Von Kai Lange
Frankfurt am Main - Derzeit sorgen sich Manager von BMW
, Daimler
, Volkswagen
oder Porsche
eher um die schleppende Nachfrage in Deutschland sowie um die regelmäßig wiederkehrenden Rabattschlachten. Laut einer Studie der Wirtschaftsprüfungsgesellschaft PricewaterhouseCoopers (PwC) haben sie jedoch Anlass, auf Sicht der nächsten Jahre etwas zu entspannen: Die Automobilproduktion in Deutschland werde mittelfristig stärker wachsen als in jedem anderen Land der Europäischen Union, heißt es im "Global Automotive Financial Review 2007".
Am Standort Deutschland würden in- und ausländische Hersteller im Jahr 2014 rund 900.000 Pkw mehr fertigen als 2006, heißt es in dem Szenario von PwC. "Steigende Einkommen in Schwellenländern wie China und Indien führen weltweit zu einer höheren Nachfrage im Premium-Segment. Von diesem Trend kann der Standort Deutschland überdurchschnittlich profitieren" sagt Felix Kuhnert, Leiter der Automobilberatung bei PwC. Schon heute könnten deutsche Premiumhersteller bei manchen Modellen die Nachfrage in China nicht voll befriedigen.
"Wir gehen davon aus, dass wir in den kommenden Jahren bei den deutschen Produktionsstätten eine im Durchschnitt wieder deutlich höhere Auslastung sehen werden", ergänzt Kuhnert im Gespräch mit manager-magazin.de.

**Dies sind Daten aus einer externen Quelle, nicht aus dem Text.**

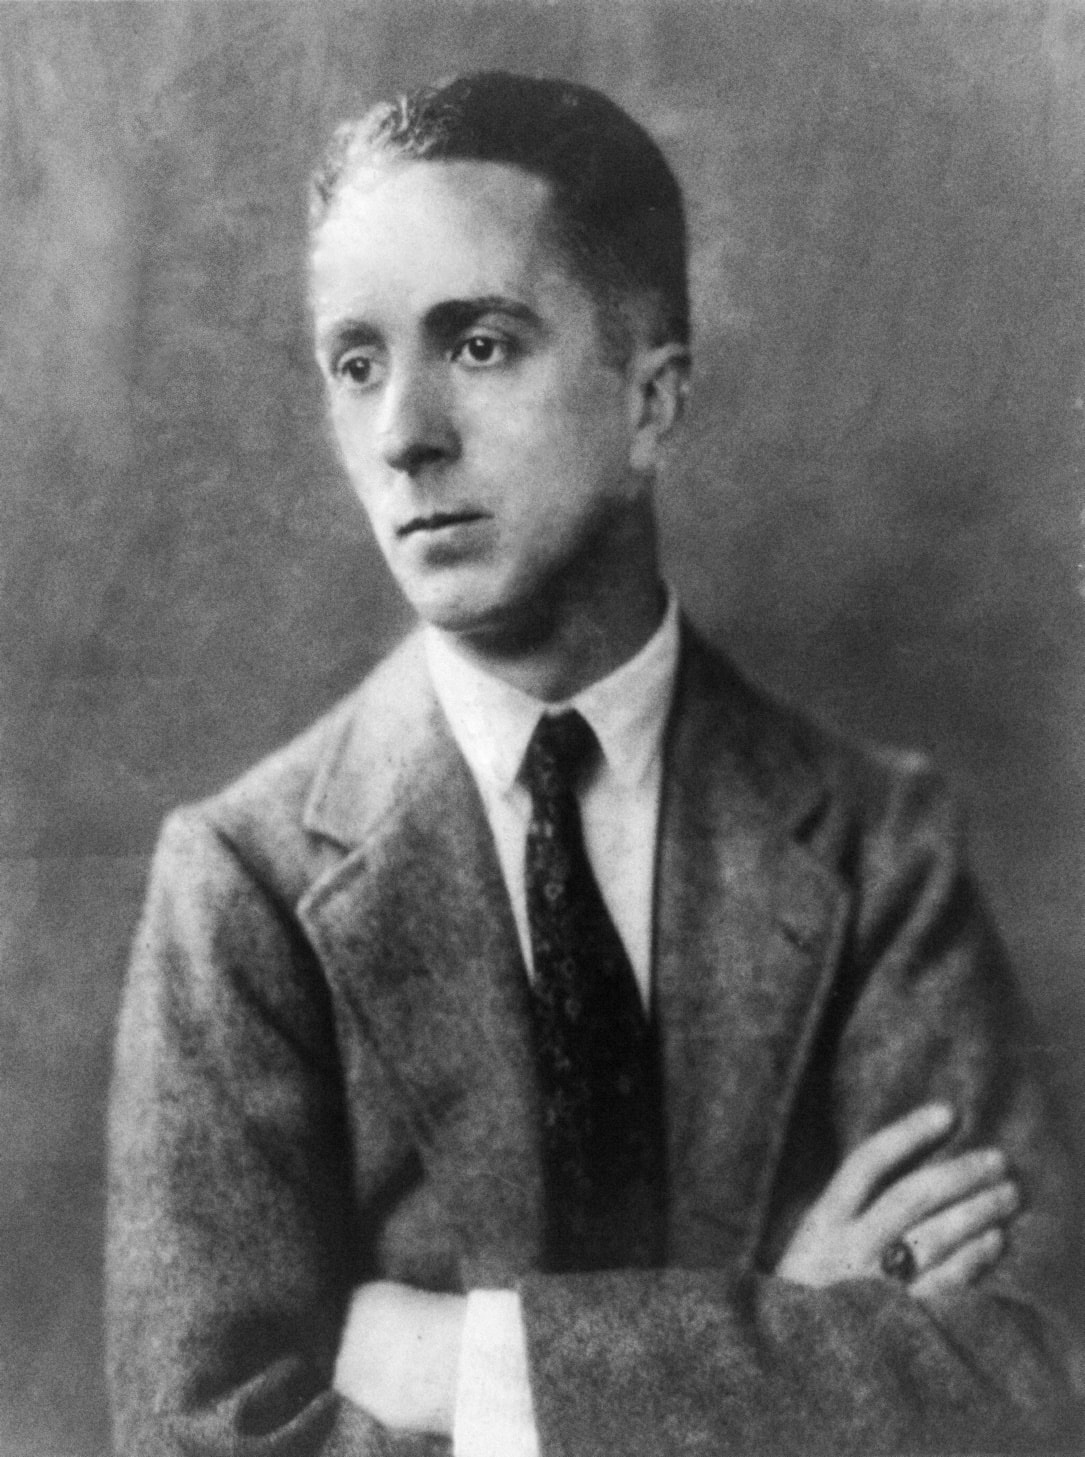 Norman Rockwell, ca. 1921

Die heimische Produktion, nicht Werke im Ausland, seien daher primärer Profiteur der weltweiten Nachfragesteigerung.
"Sofern die bestehenden Kapazitäten nicht ausreichen, erwarten wir sowohl eine Modernisierung oder Erweiterung der heimischen Produktionsstätten, als auch den Bau neuer Produktionsstätten", meint Kuhnert. Der Bau neuer Anlagen entfalle jedoch vor allem auf die aufstrebenden BRIC Staaten Brasilien, Russland, Indien oder China.
Weltweit dürfte die globale Automobilindustrie ihre Produktion im Jahr 2014 um knapp 20 Prozent auf rund 77 Millionen Pkw steigern, schätzt PwC. Der Großteil des erwarteten Zuwachses entfalle zwar auf Boomstaaten wie China und Indien, jedoch trügen die Standorte der Industrieländer voraussichtlich gut ein Drittel zum Volumenanstieg bei.